The elevator ride down from the 42nd floor felt longer than the ride up.

Noah’s reflection stared back at him from the gleaming metal walls — jaw tight, eyes storm-dark. He looked like a man who’d just walked into the wrong room, thrown a punch, and hit something made of glass.

“Biological son.”

The words looped in his head like a skipping record.

He stepped out into the lobby with the folder tucked under one arm like a loaded weapon. He didn’t speak to anyone. Didn’t look at the polished tile, the gold-veined walls, or the security guard eyeing his boots like they were a crime.

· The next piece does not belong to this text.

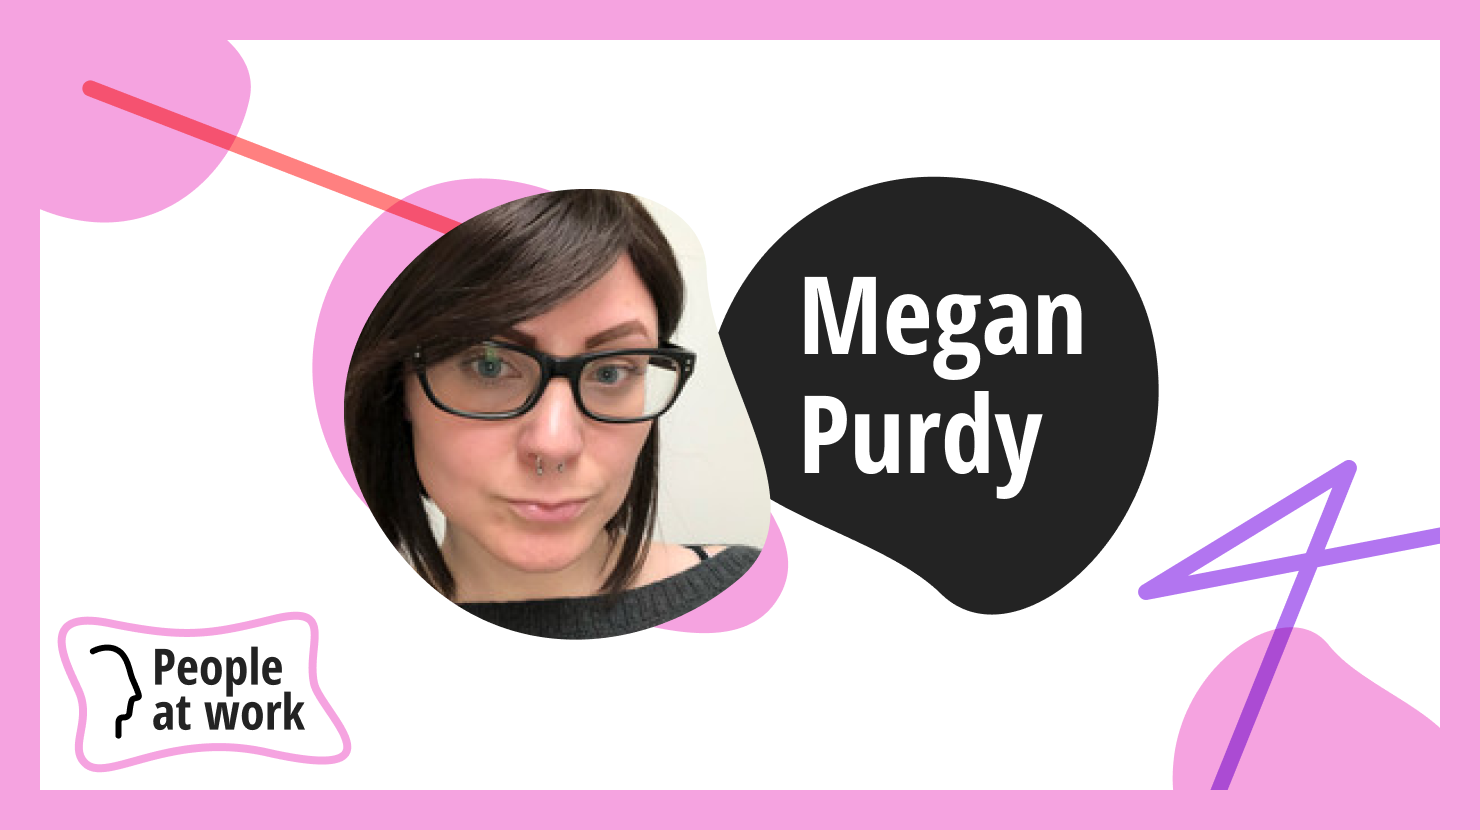 Give employees room to breathe with Megan Purdy

By the time he stepped into the blinding daylight outside, his shoulders were rigid with fury.

The walk back to his garage took twenty minutes. He could’ve taken the bus, or called Eli to pick him up, but he needed his feet on cracked pavement and city dust in his lungs.

It kept him grounded.

Every honk, every food cart whistle, every clatter of scaffolding made more sense than what was in that folder.

Jasper Quinn.

Billionaire. Visionary. Titan of industry.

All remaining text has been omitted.